Gumon, founded on 13 July 1911, was a subsidiary of the thriving Kablo factory. The factory was located near the Kablo factory, on Košická Street (at that time Ludwigova Street). Gumonka, as the factory was usually called, housed the production of plastics - gumon, gumoid and futurit. The production licence was purchased by Egon Bondy - director of Kablo and founder of Gumon - from the company Gumonwerke A. G. München. The plant's production was rapidly expanded to include new products - even hardened paper and canvas were produced here. Kabla used mainly bakelite mouldings, which were further processed into final products.
The premises of Gumonka initially consisted of one longitudinal hall of the moulding plant built along Košická Street. Gradually, mainly in the interwar period, the factory was expanded to a four-wing enclosed complex with an inner courtyard according to the requirements of the expanding production and its technology. The construction of the factory was carried out by Pittel+Brausewetter. From the companies that gradually supplied the factory with machines, we know a few – the Bratislava company Feitzelmayer, Sobotín and Stěpán ironmongers, Storek Brno, and the Bratislava company of František Černý.
The street facade was divided into three parts. In the middle, slightly shorter part, there were nine large, slightly arched plate-glass windows on two floors. The facade of the third floor was divided by nine triplets of smaller plate-glass windows. The lateral, higher parts of the building had facades divided on three floors by three triplets of narrow plate-glass windows. The side parts of the factory building had a tympanum on the attic. The facades were smooth, plastered, vertically articulated only by faint avant-corps. Thus, the element of lattice masonry, characteristic of the buildings of the Kablovka complex, did not appear here.

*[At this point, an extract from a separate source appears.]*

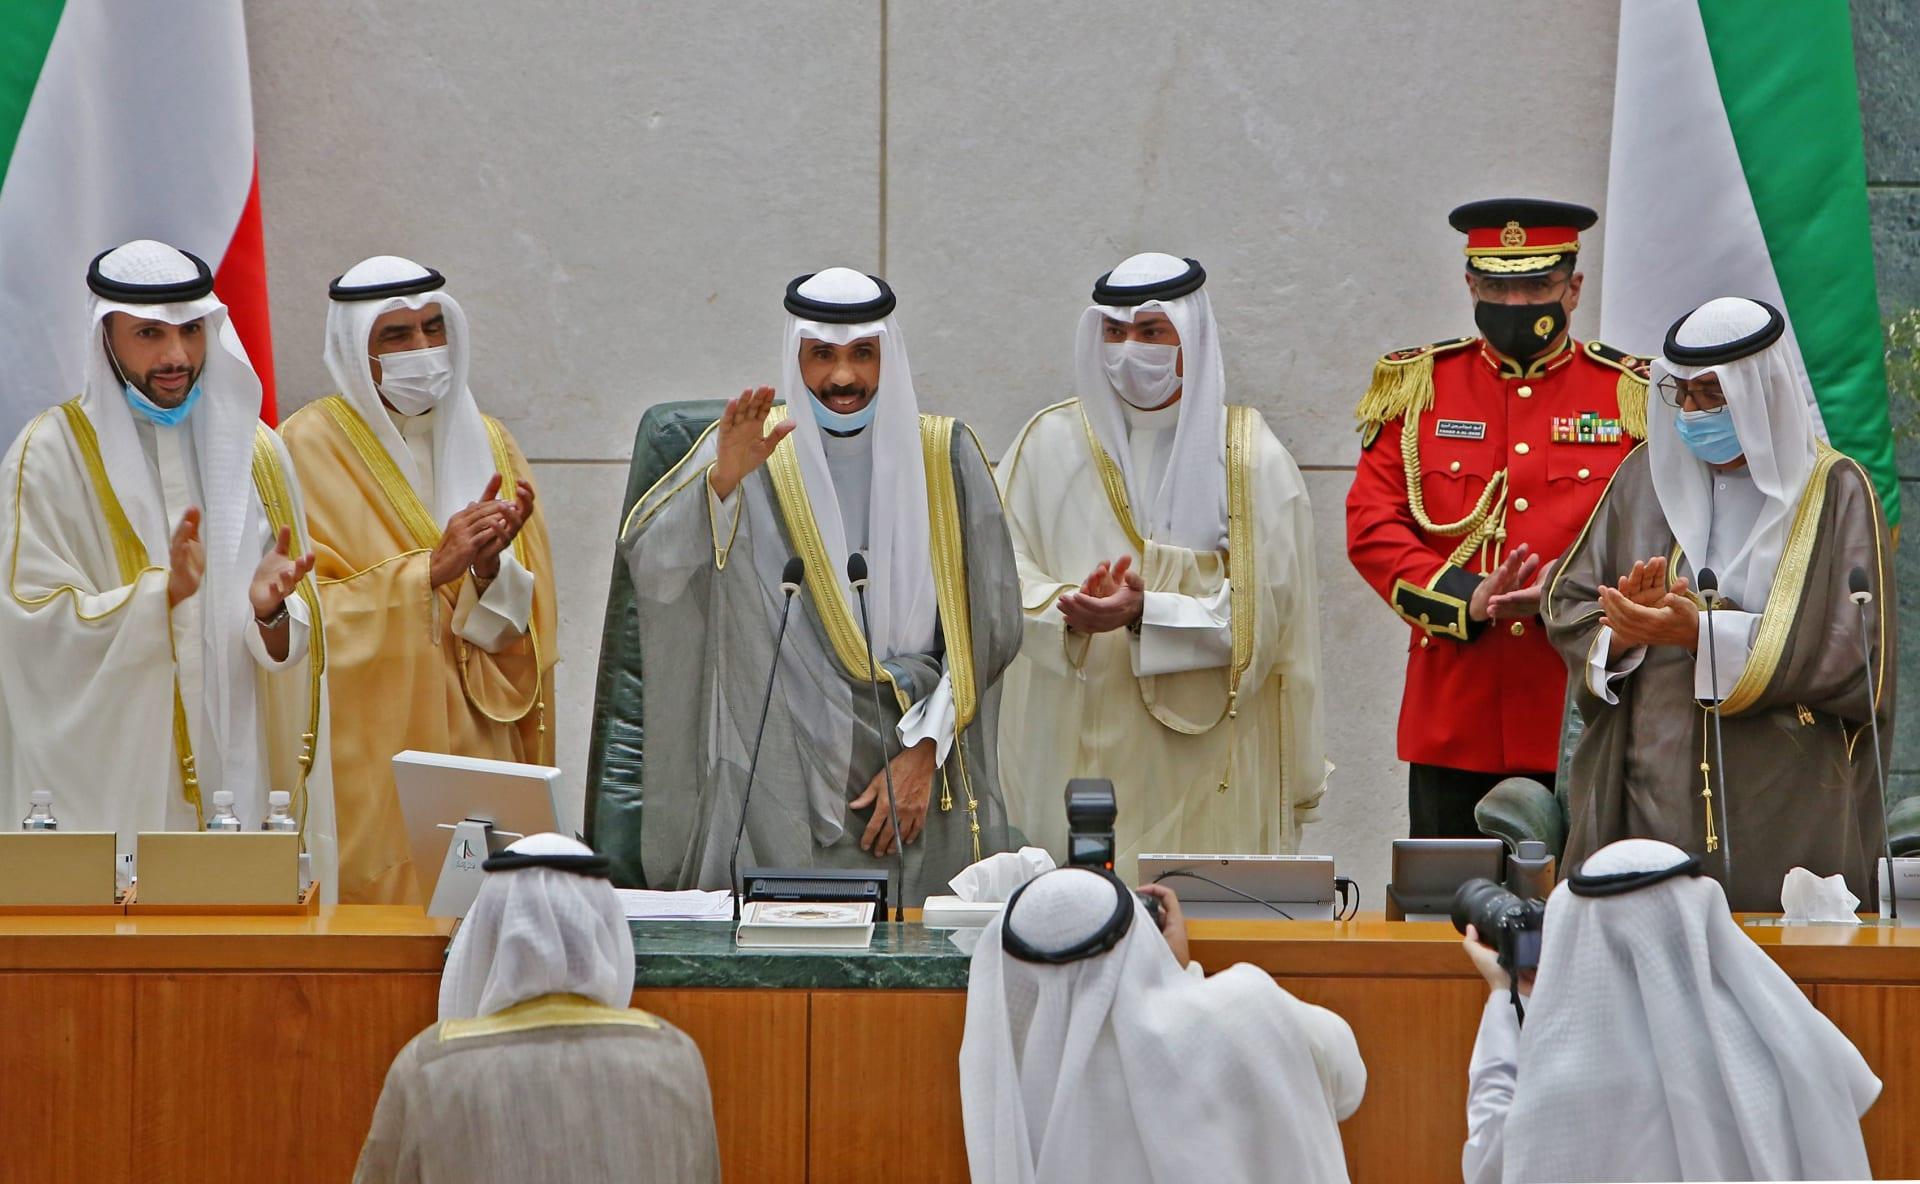 أمير الكويت يقبل استقالة الحكومة.. ويدعو لانعقاد مجلس الأمة في 15 ديسمبر

In the second half of the 20th century, Gumonka was extended by the premises of the nearby Herkules factory, whose original buildings were demolished and new ones, including an administrative building, were built in several stages between 1950 and 1970. New buildings were also constructed on the original Gumonka site in the 1960s and 1970s, but these no longer influenced the overall architectural expression of the factory. Like Kablovka, Gumon was also demolished in 2008, despite the fact that it was in the process of being declared a cultural monument. The land remained undeveloped. Formally, the factory was one of the most impressive industrial buildings in Bratislava, moreover, it was well perceived due to its location directly on the busy Košická Street. The otherwise modern hall building was sensitively complemented only by the fine historical morphology of the facades and crown cornices.
Bibliography:
OBUCHOVÁ, Viera: Priemyselná Bratislava. Bratislava, Marenčin PT 2009, s. 272 – 279.